Personalized Recommendations
Recommendations based on personal and communal insights, as well as contextual recommendations
Problem & background
This project started with the problem of a blank canvas. While Adobe Fonts is perfect for users diving into fonts when they have an idea in mind, it doesn’t do much to help inspire or guide ideas at the beginning of a project. For the majority of users who do not think of themselves as type experts, the process of finding the right font within our library of 20 thousand fonts can be quite time-consuming. As a result, creatives are looking outside of Adobe at other content-rich platforms for inspiration, like Fonts In Use, Creative Market, and Pinterest.
User research
Before I began thinking about workflows and designs, I turned my attention to user research.
Our team conducted ten 1 hour face-to-face interviews and used Usertesting.com for more findings. We structured our research around users’ design workflows when finding fonts.
Our participants all echoed starting a project by looking for inspiration. They saw mood boarding, fonts used in action, and fonts used contextually as essential to their design process.
We have been hearing about this from our customers for years and this round of user research served as our wake-up call to bring inspiration to our website. Showing fonts in use would give Adobe its competitive edge, and there is just so much potential in what we can do.
Objective
The objective of the project is to inspire our users with rich content right on our website and to increase awareness of the Adobe Fonts service. Aside from increasing website engagement and driving free to paid conversion, we also wanted this project to help train our recommendation engine. In the future, we want to bring recommendations into our applications within the font menu.
Idea #1
The first idea I explored is a guided exploration module on the homepage. This step-by-step onboarding tool lets users tell us what they are working on so we can cater font recommendations to their specified characteristics and intent. Instead of showing users all 20 thousand fonts and asking them to do the work to narrow down font choices, guided exploration aims to offer them suggestions progressively. The goal is to be welcoming and accessible to all users, especially those beginning projects or who do not have much Type experience. Users can also feel in control as they tell us what they need for their work.
Idea #2
The second idea focused on recommending fonts that are personalized to the individual. Powered by our recommendations engine, personalized recommendations can recommend fonts based on personal, communal, and contextual font usage. We then identified categories to recommend: For you, trending, newly released, hidden gems, and staff picks.
For you: track fonts that the user has already used and recommend fonts that others have used, based on shared usage with the user.
Trending: recommend fonts based on popularity within the user’s region.
Newly released: select from the top 25 most recent additions to our font library.
Hidden gems: recommend fonts that are highly rated but have low usage.
Staff picks: a manually curated list of fonts our team would like to feature.
Out of the two above ideas, we decided to move on with Personalized recommendations due to two reasons:
Our recommendations engine can measure font usage across many categories and has room to scale. Aside from the above five categories, the engine can examine other categories such as fonts popular for specific Adobe applications or fonts good for specific intents.

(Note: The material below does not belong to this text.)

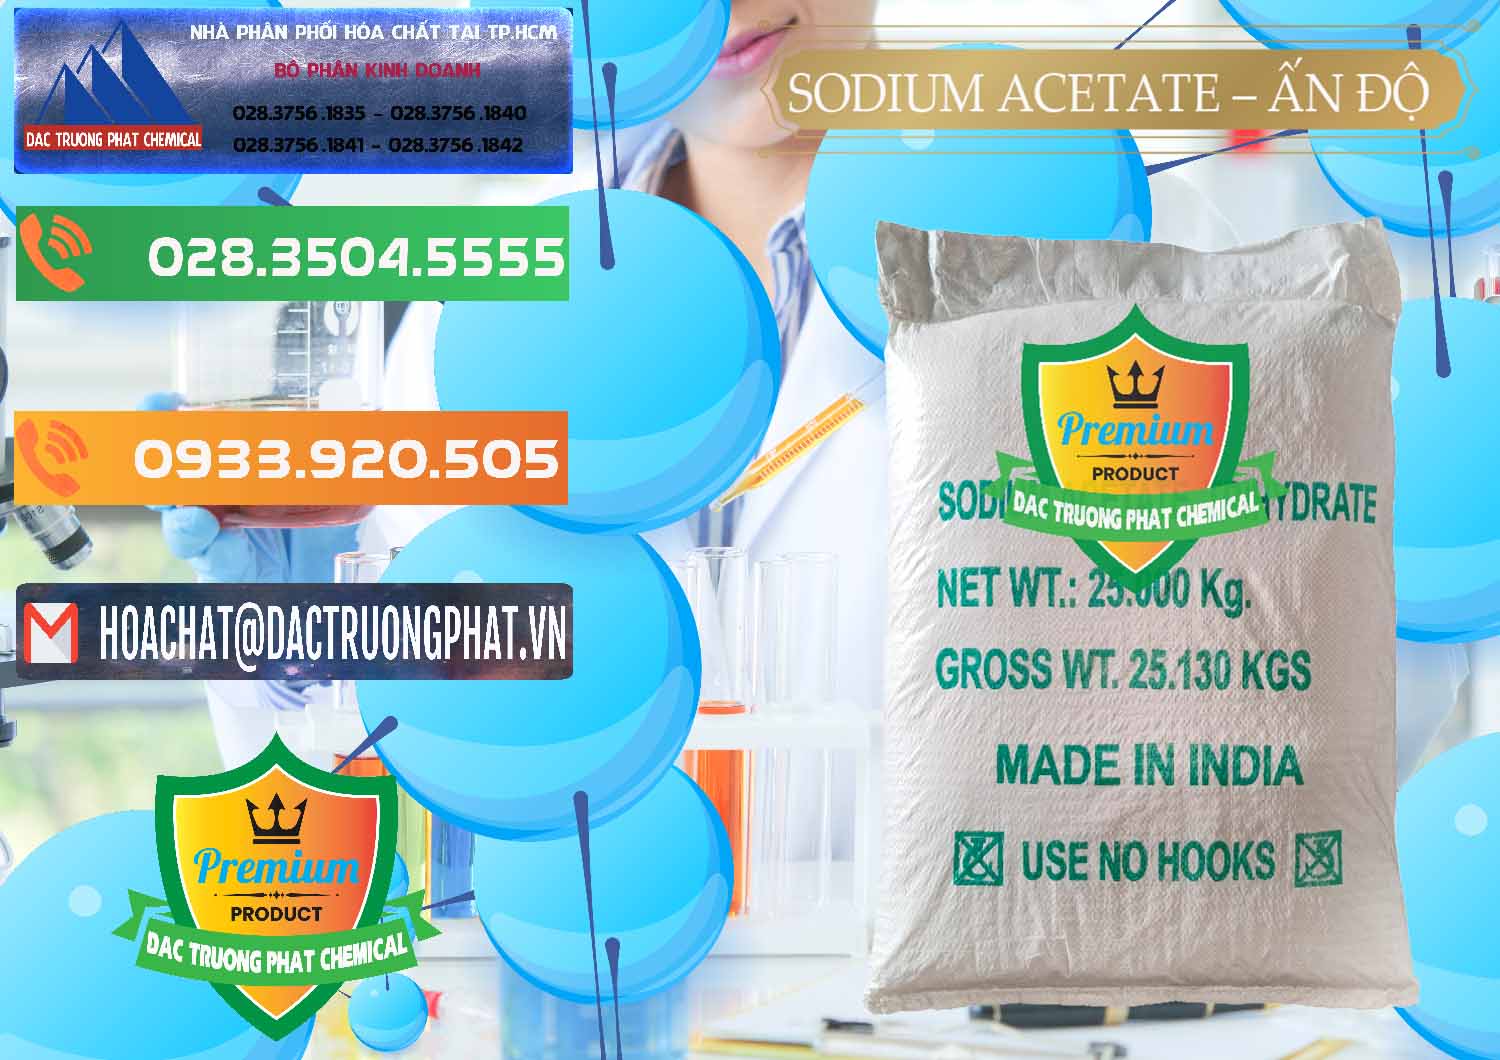 Nơi chuyên nhập khẩu và bán Sodium Acetate - Natri Acetate Ấn Độ India - 0133 - Chuyên kinh doanh ( phân phối ) hóa chất tại TP.HCM - hoachatxulynuoc.com.vn

Idea #1, guided exploration, needs an expansion of our tagging system to map more fonts to intents and moods. Additionally, guided exploration requires the user to have an idea in mind before going through the modules, which may not be helpful for users in the browsing stage of their workflow.
User testing
After an initial round of designs, I tested two versions: one version with sections clearly separated and defined, and one version in a mosaic style. The results showed that a mosaic style tested better — users cared less about the category of suggestions. They wanted to see more inspiration and more imagery.
A visual system
Besides recommending fonts, we also expanded our scope to include recommendations for moods (tags), font packs, and font pairings. We created visual system for our four content types. Each card type has a different height to visually differentiate itself from the others.
Our foundry partners provided us with various fonts in use images to showcase their fonts. For fonts that do not have accompanied images, we came up with a color palette to also show those fonts in an inspirational way.
Final design
The feature launched in November 2021 as a new page on the Adobe Fonts website. By default, users see inspirational content across all categories but they are able to select tags to narrow down their content. A blurb below the tags explains the section's purpose and serves as a way to increase SEO. Hovering over a content card shows details of the font and allows quick activation.
Towards the end of this project, our services teams with dedicated websites such as Adobe Fonts and Adobe Stock took on an initiative to revamp our navigation and content framework. This was the perfect time to redesign our homepage to both fit the new framework and introduce inspirational content right on the homepage.
Now on the homepage, we brought a snippet of the recommendations feature along with an entry point to see more on the recommendations page.
Impact & next steps
The recommendations feature saw amazing results. Users are more likely to activate fonts using the recommendations page compared to any other font browsing pages on the Adobe Fonts website.
Not only was this feature helpful for users, but from a business perspective, this feature further elevates our foundry partners by showcasing their fonts with imagery and fonts in use examples.
Next, we will keep measuring and refining recommendations and categories so we can eventually bring recommendations into the application font menus.